■ Brief ■
Apart from the pictures, everything in the lines below must be printed exactly.

■ Supplied information ■
-- -- --

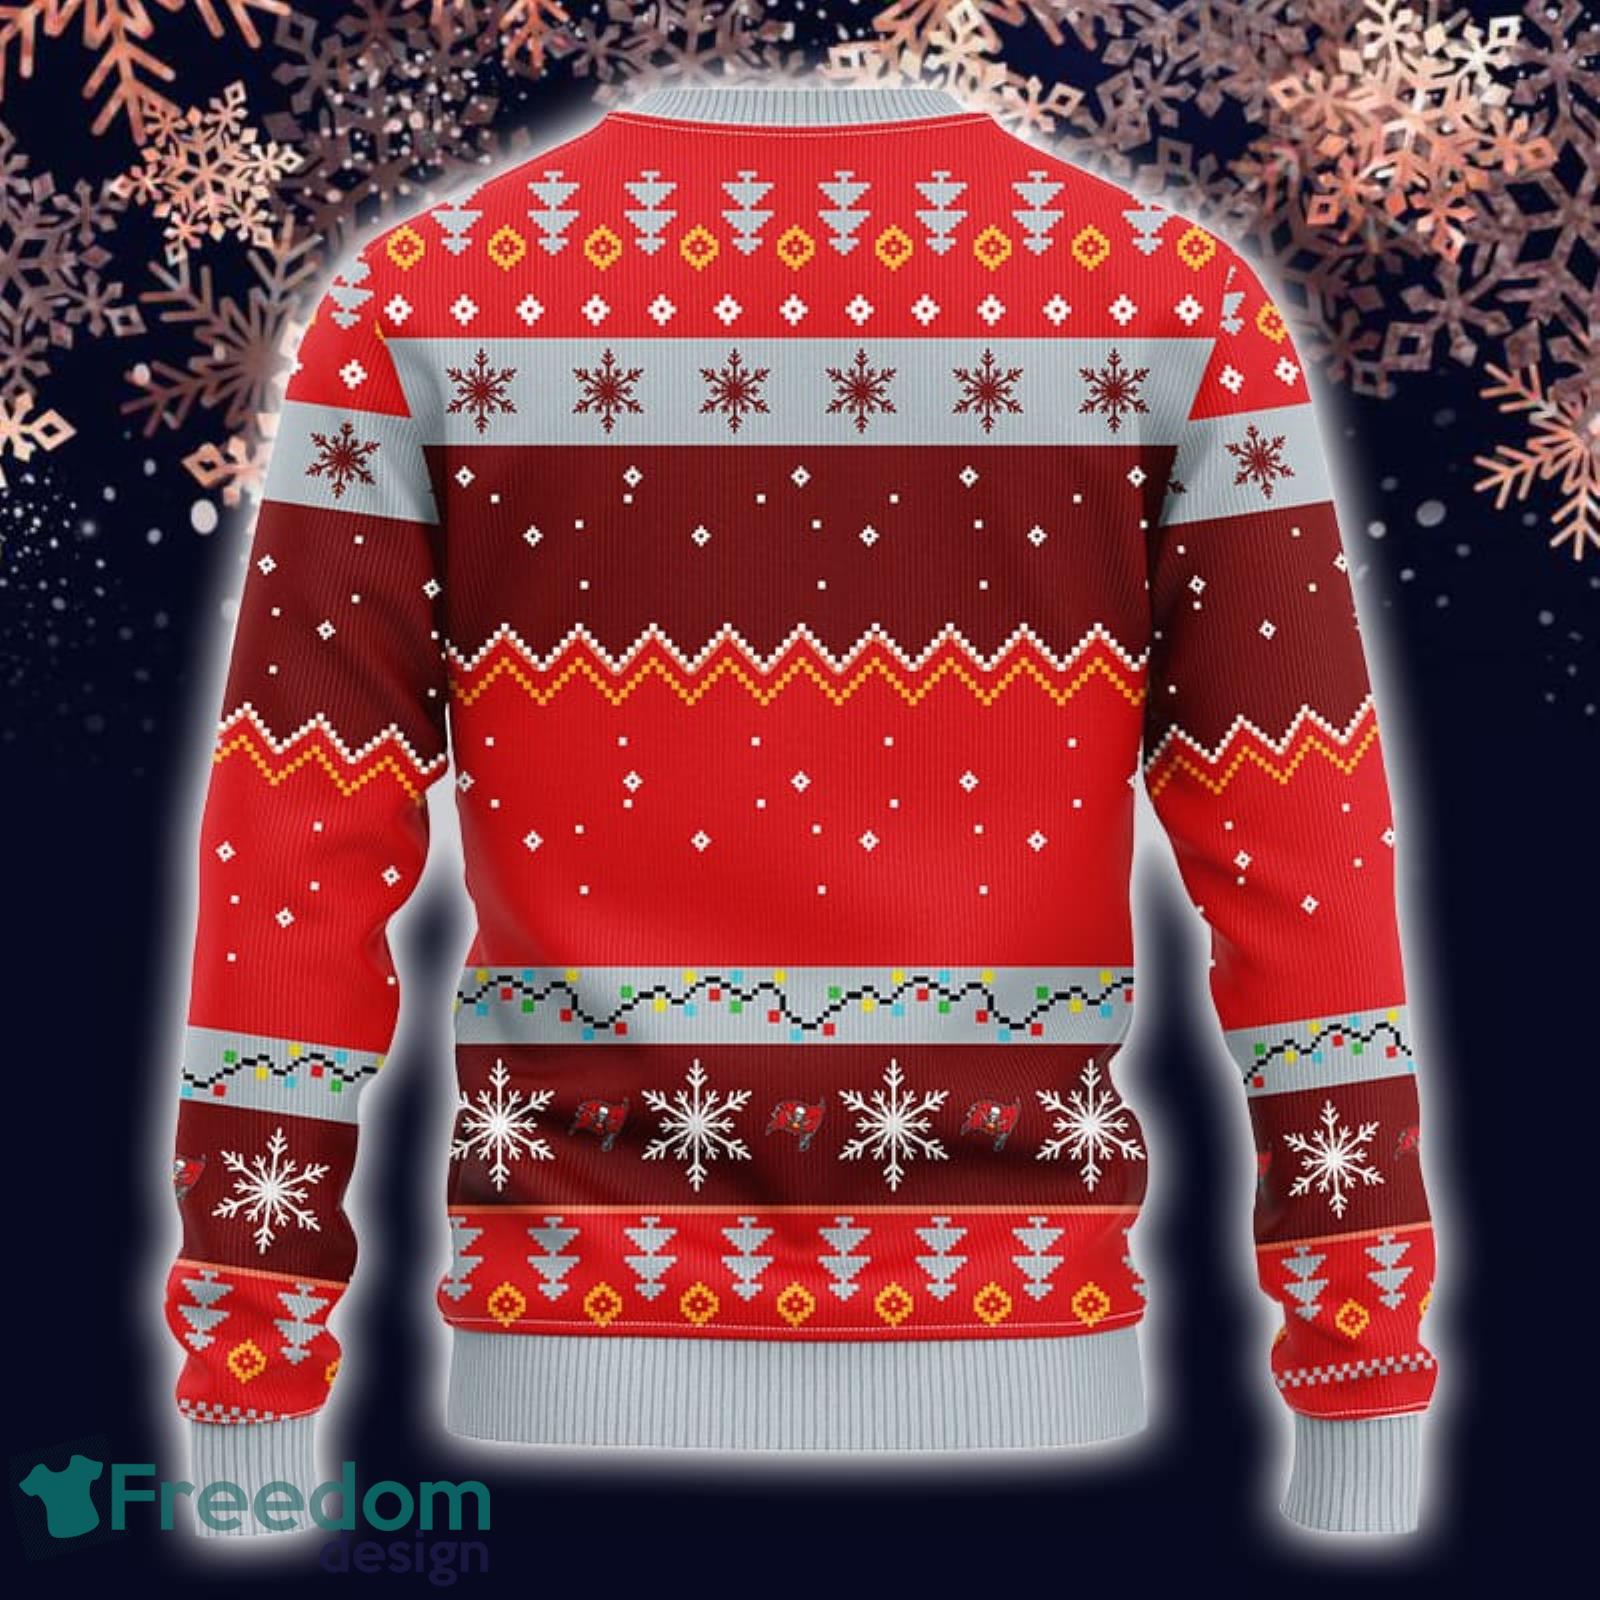 buccaneers christmas sweater
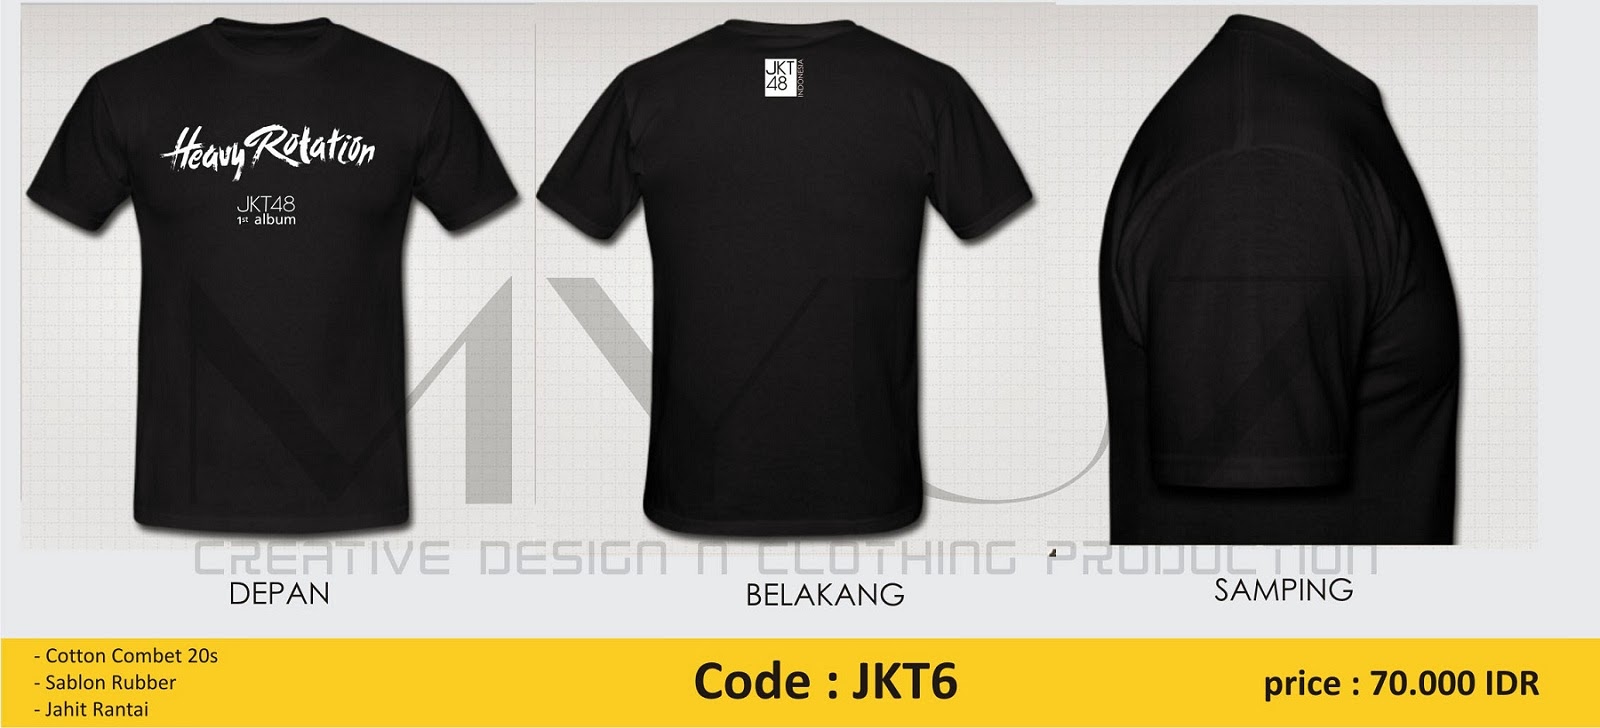 Download Gambar Kaosjkt48shop Blogspot Online Shop Kaos Jkt48 Murah Desain Heavy Rotation di Rebanas ...
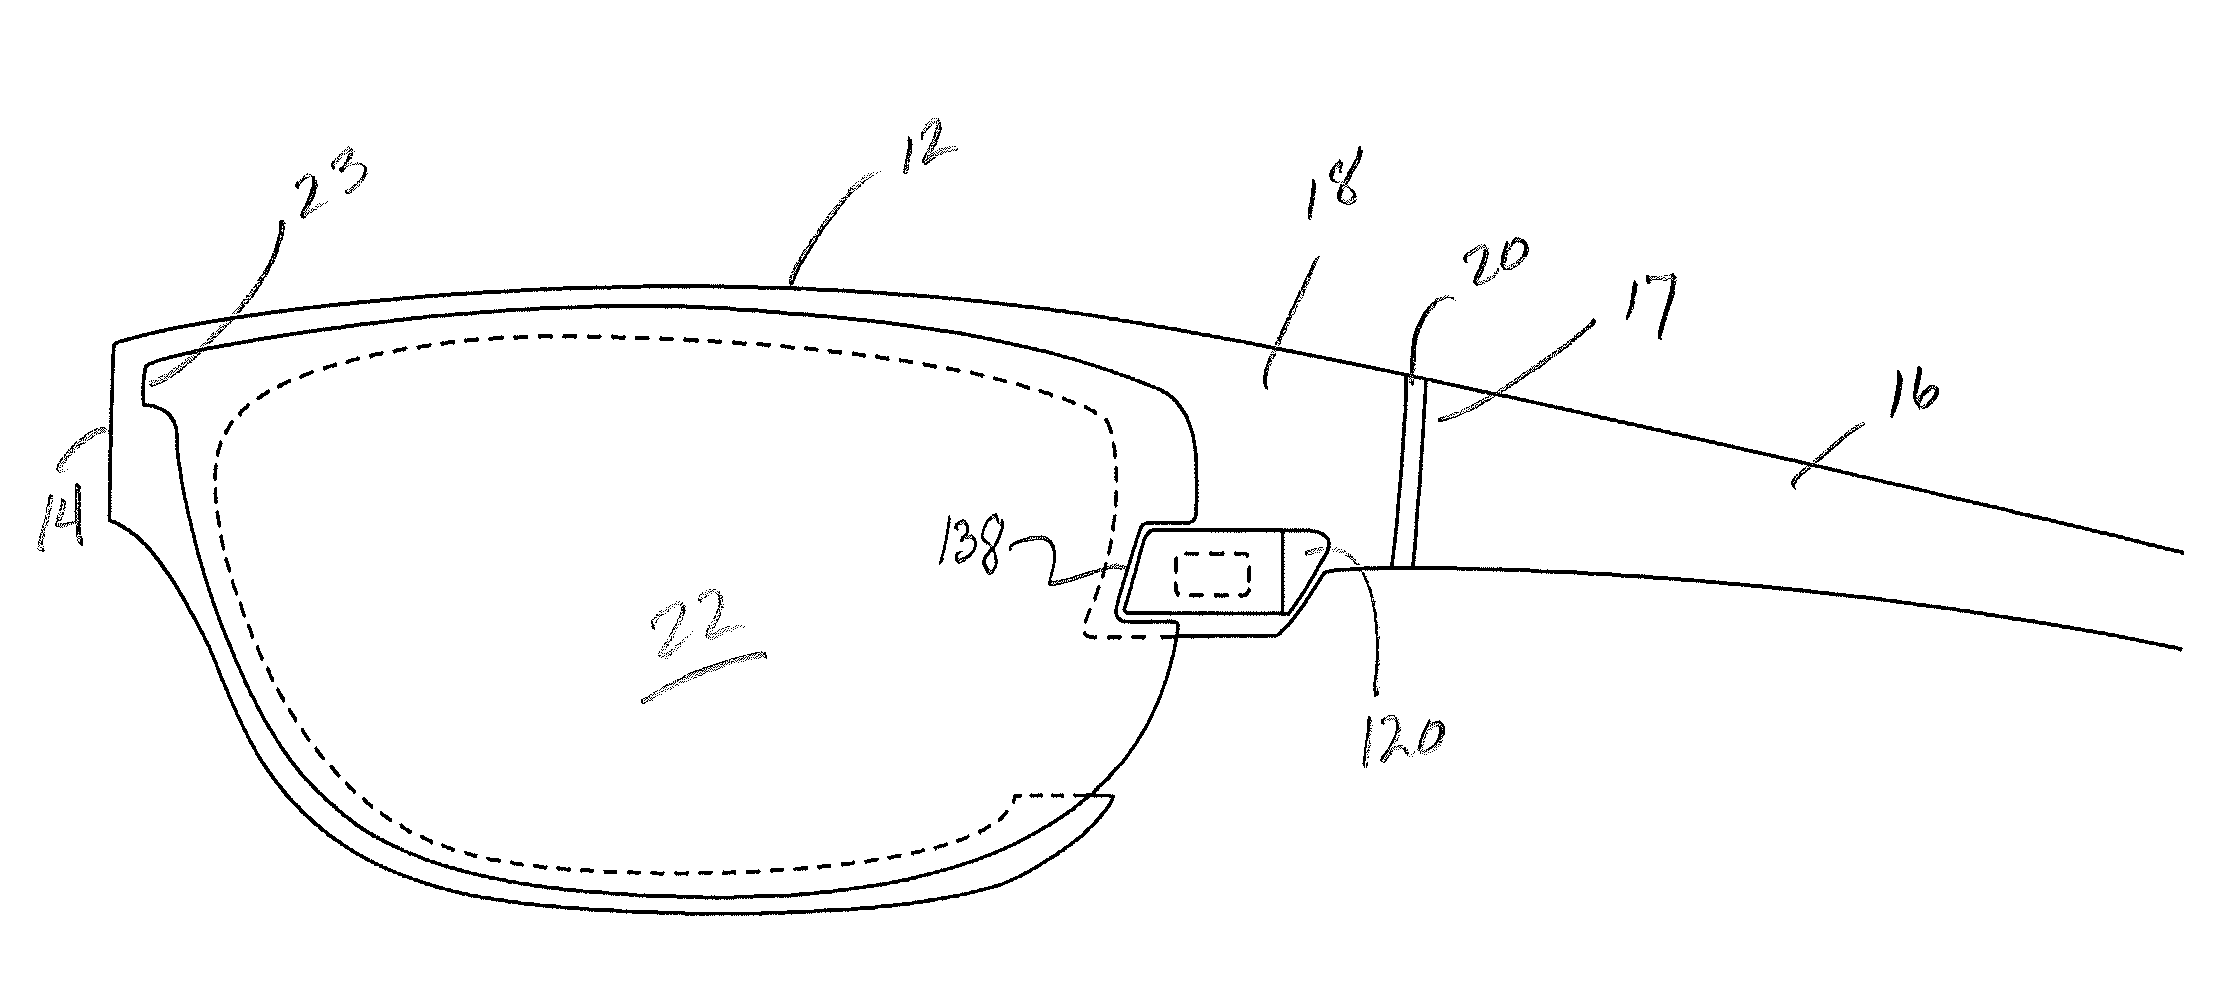 Eyeglasses with lens securing mechanism for facilitating removable lenses
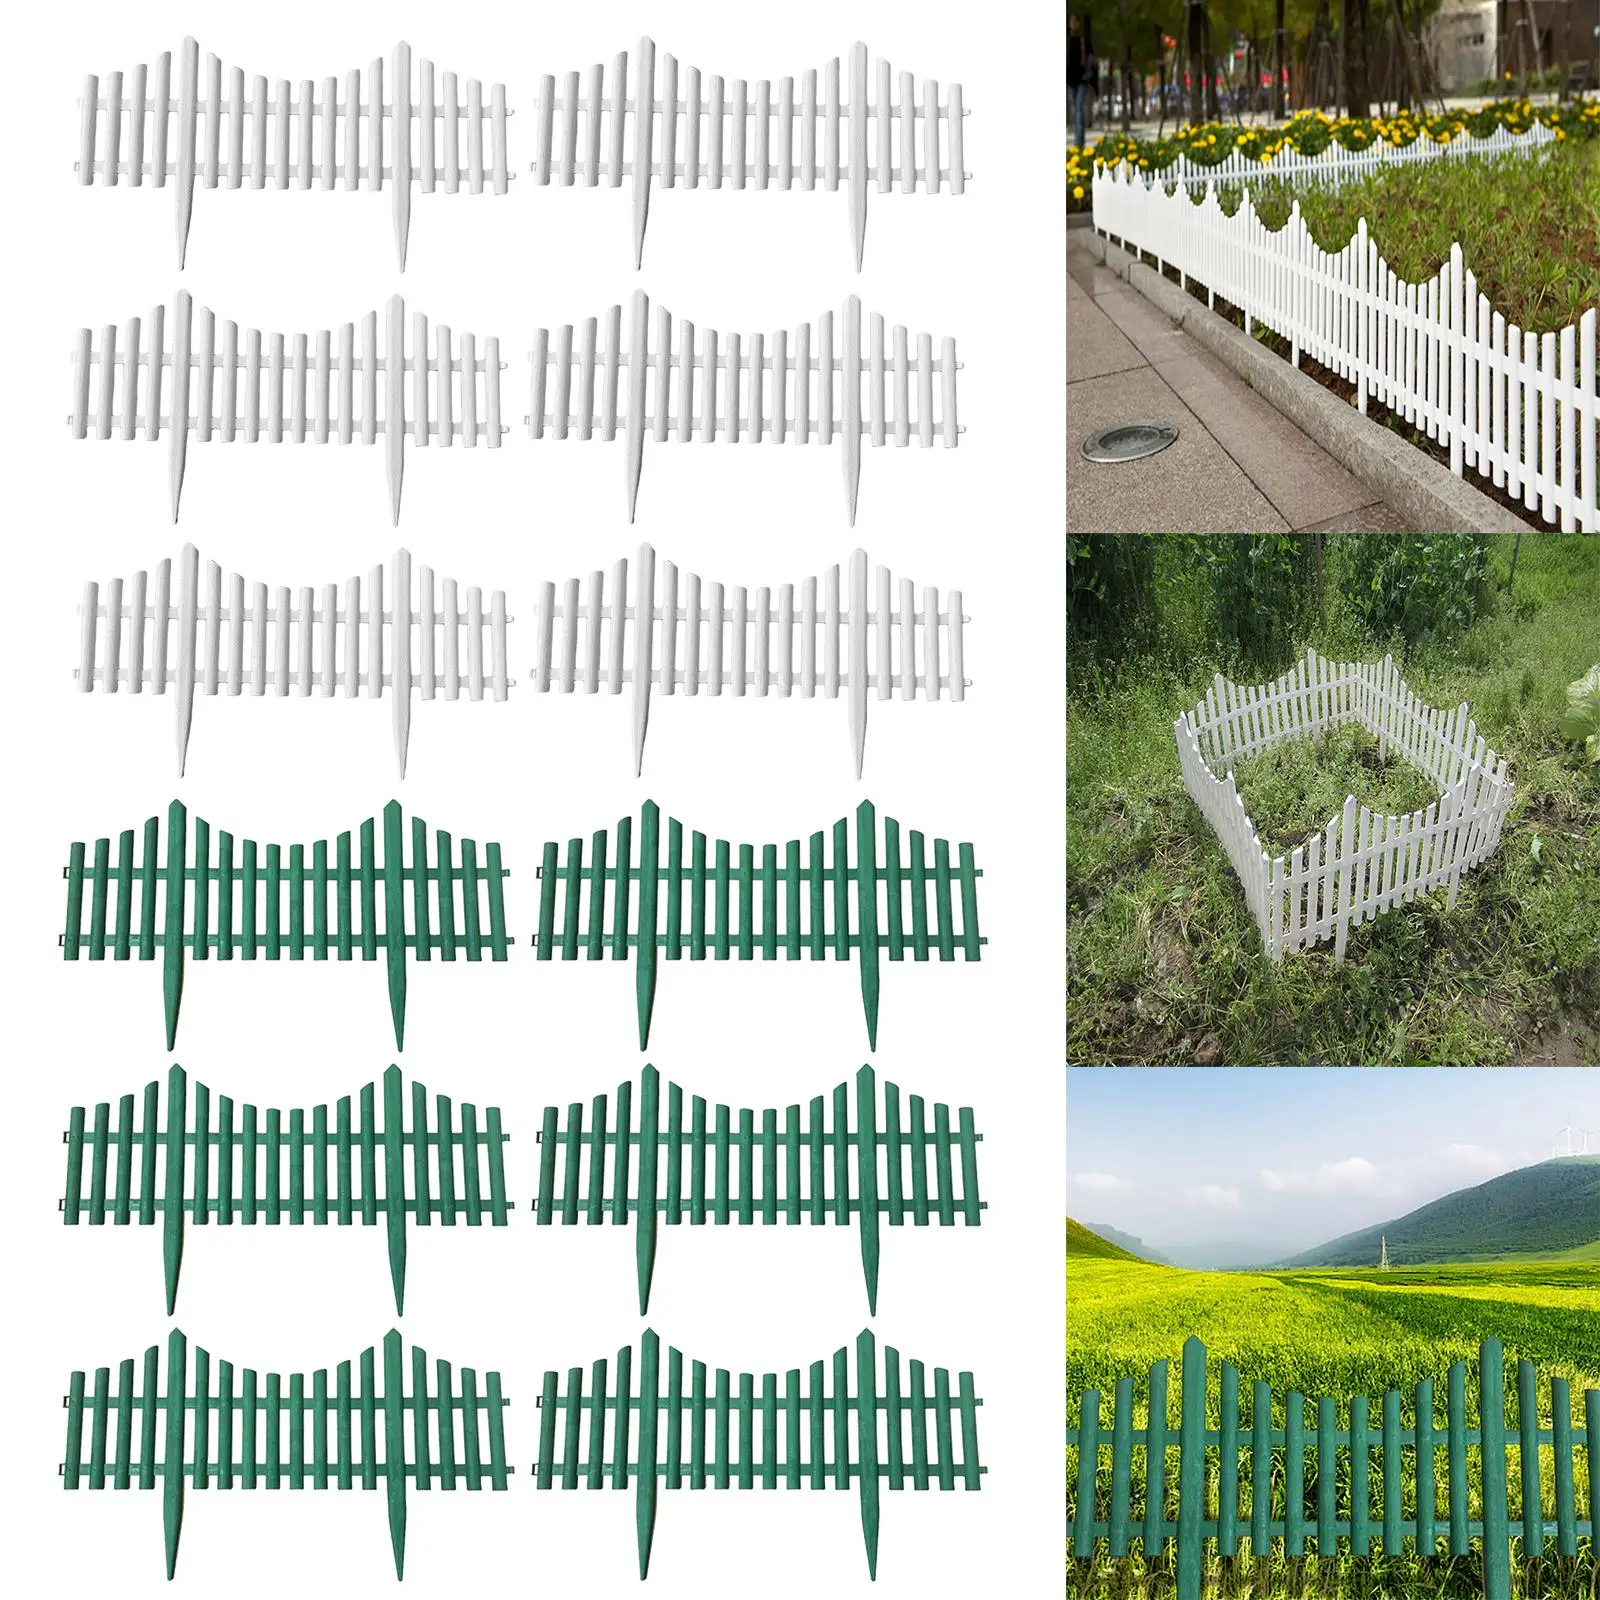 6x Garden Fence Border Edging Edging Interlock Plant Decoration Fence lawn Border Lawn Fence for DIY Decoration

-- -- --

■ Task answer ■
 buccaneers christmas sweater
 Download Gambar Kaosjkt48shop Blogspot Online Shop Kaos Jkt48 Murah Desain Heavy Rotation di Rebanas ...
 Eyeglasses with lens securing mechanism for facilitating removable lenses
 6x Garden Fence Border Edging Edging Interlock Plant Decoration Fence lawn Border Lawn Fence for DIY Decoration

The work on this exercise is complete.